Persistent Skyrmion Lattice of Noninteracting Electrons with Spin-Orbit Coupling

A persistent spin helix (PSH) is a robust helical spin-density pattern arising in disordered 2D electron gases with Rashba \(\alpha\) and Dresselhaus \(\beta\) spin-orbit (SO) tuned couplings, i.e., \(\alpha=\pm\beta\). Here we investigate the emergence of a Persistent Skyrmion Lattice (PSL) resulting from the coherent superposition of PSHs along orthogonal directions -- crossed PSHs -- in wells with two occupied subbands \(\nu=1,2\).
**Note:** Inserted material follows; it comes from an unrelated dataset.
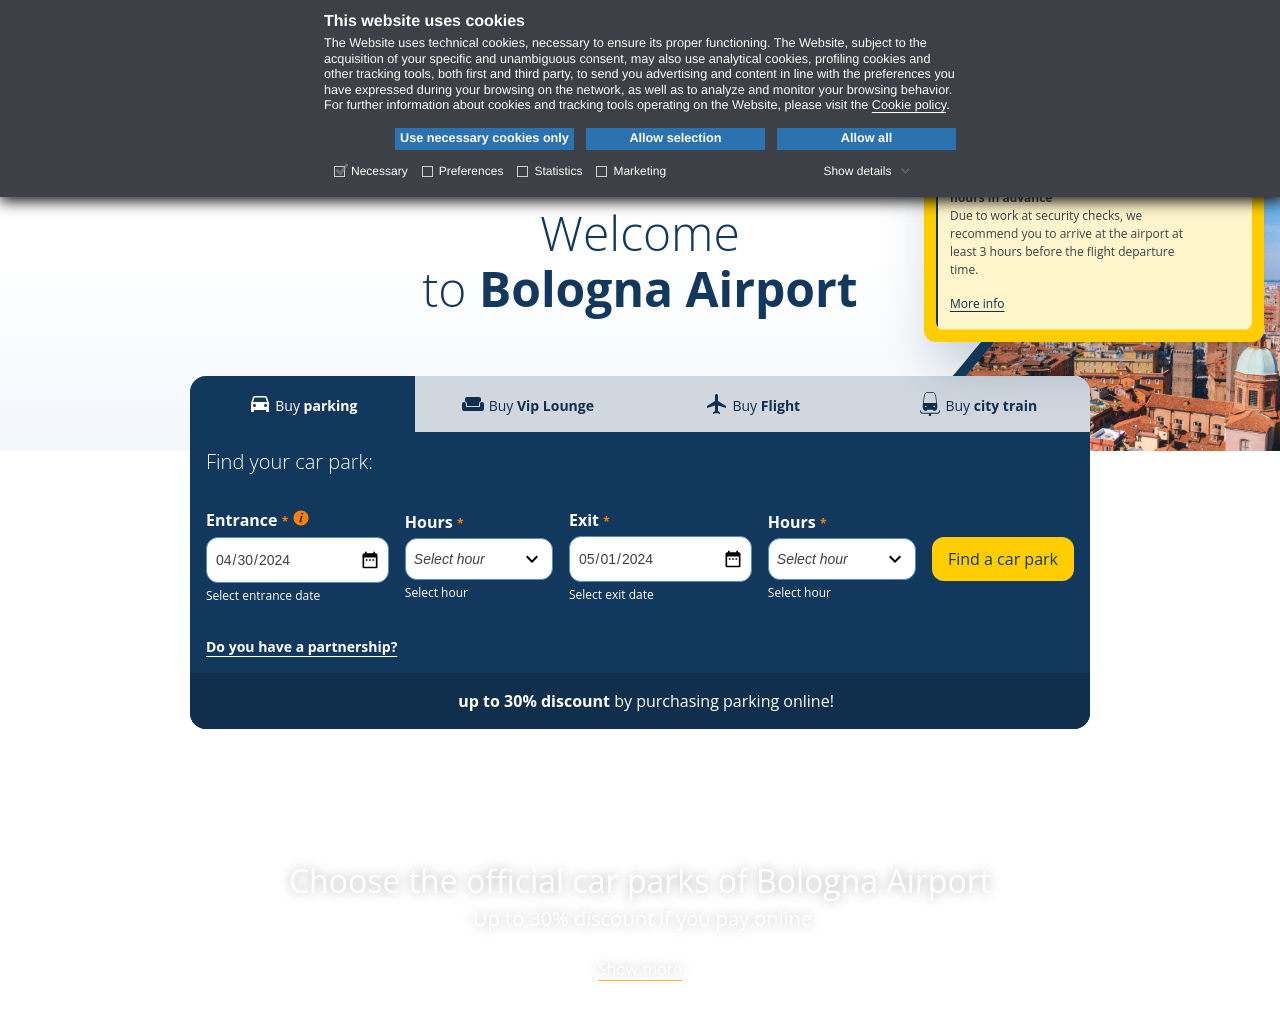 bologna-airport.it

For realistic GaAs wells we show that the Rashba \(\alpha_\nu\) and Dresselhaus \(\beta_\nu\) couplings can be simultaneously tuned to equal strengths but opposite signs, e.g., \(\alpha_1= \beta_1\) and \(\alpha_2=-\beta_2\). In this regime and away from band anticrossings, our {\it non-interacting} electron gas sustains a topologically non-trivial skyrmion-lattice spin-density excitation, which inherits the robustness against spin-independent disorder and interactions from its underlying crossed PSHs. We find that the spin relaxation rate due to the interband SO coupling is comparable to that of the cubic Dresselhaus term as a mechanism of the PSL decay. Near anticrossings, the interband-induced spin mixing leads to unusual spin textures along the energy contours beyond those of the Rahsba-Dresselhaus bands. Our PSL opens up the unique possibility of observing topological phenomena, e.g., topological and skyrmion Hall effects, in ordinary GaAs wells with non-interacting electrons.